The senators noted that baseball fans have had to rely upon media reports, “which can lead to misinformation and confusion.” Prominent among those reports — about which we’d express gratitude — is one by Bloomberg News in 2014 estimating that foul balls were injuring nearly 1,800 fans per season and one by the website FiveThirtyEight this year suggesting that the greatest danger is just past the dugouts, spots that until recently were not sufficiently protected in many parks. A report by NBC news allows readers to compare netting at the 30 major league ballparks as of its October publication date. Links to each of these articles are available in the online version of this editorial.

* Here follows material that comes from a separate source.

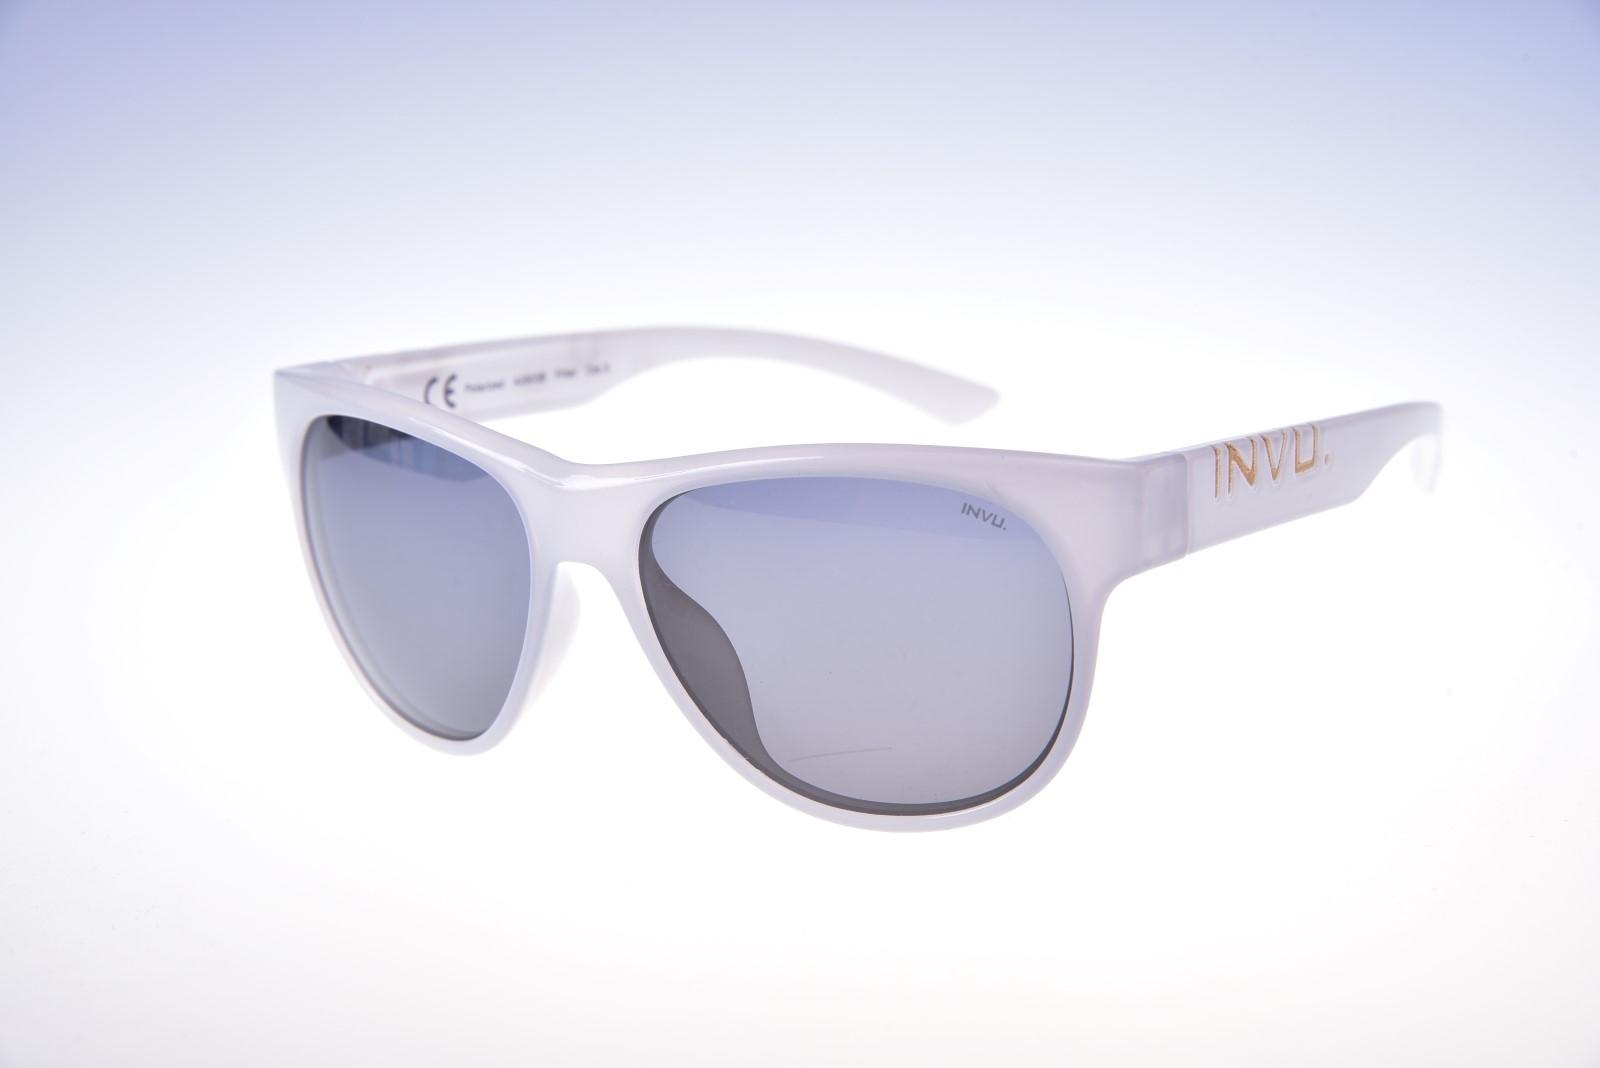 INVU. Active A2903B - Dámske slnečné okuliare

The teams also face pressure from opponents of netting, who consider it an obstacle to their experience. (The Twins have sought to balance this with a style — thin, knotless, green-hued — that can blend in with the field of play and can be rolled up so players and fans can interact before games.) Data would help this cause, too, if it supported less extensive netting.

Opponents also note that many who attend games these days succumb to the distraction of electronic devices, and they argue that people should be expected to take more responsibility for their own safety. That point is fair, as it is in many contexts, but is overstated.

“This is not an issue of fans not paying attention to the game,” Jackie Howell, a fan and blogger, told the Baltimore Sun this year as the Orioles were planning extra netting at Camden Yards. “To be able to react in an instant to a broken bat or a line-drive foul coming at you at 100 miles per hour? That’s why major leaguers get paid millions of dollars. They can do that. Most fans can’t.”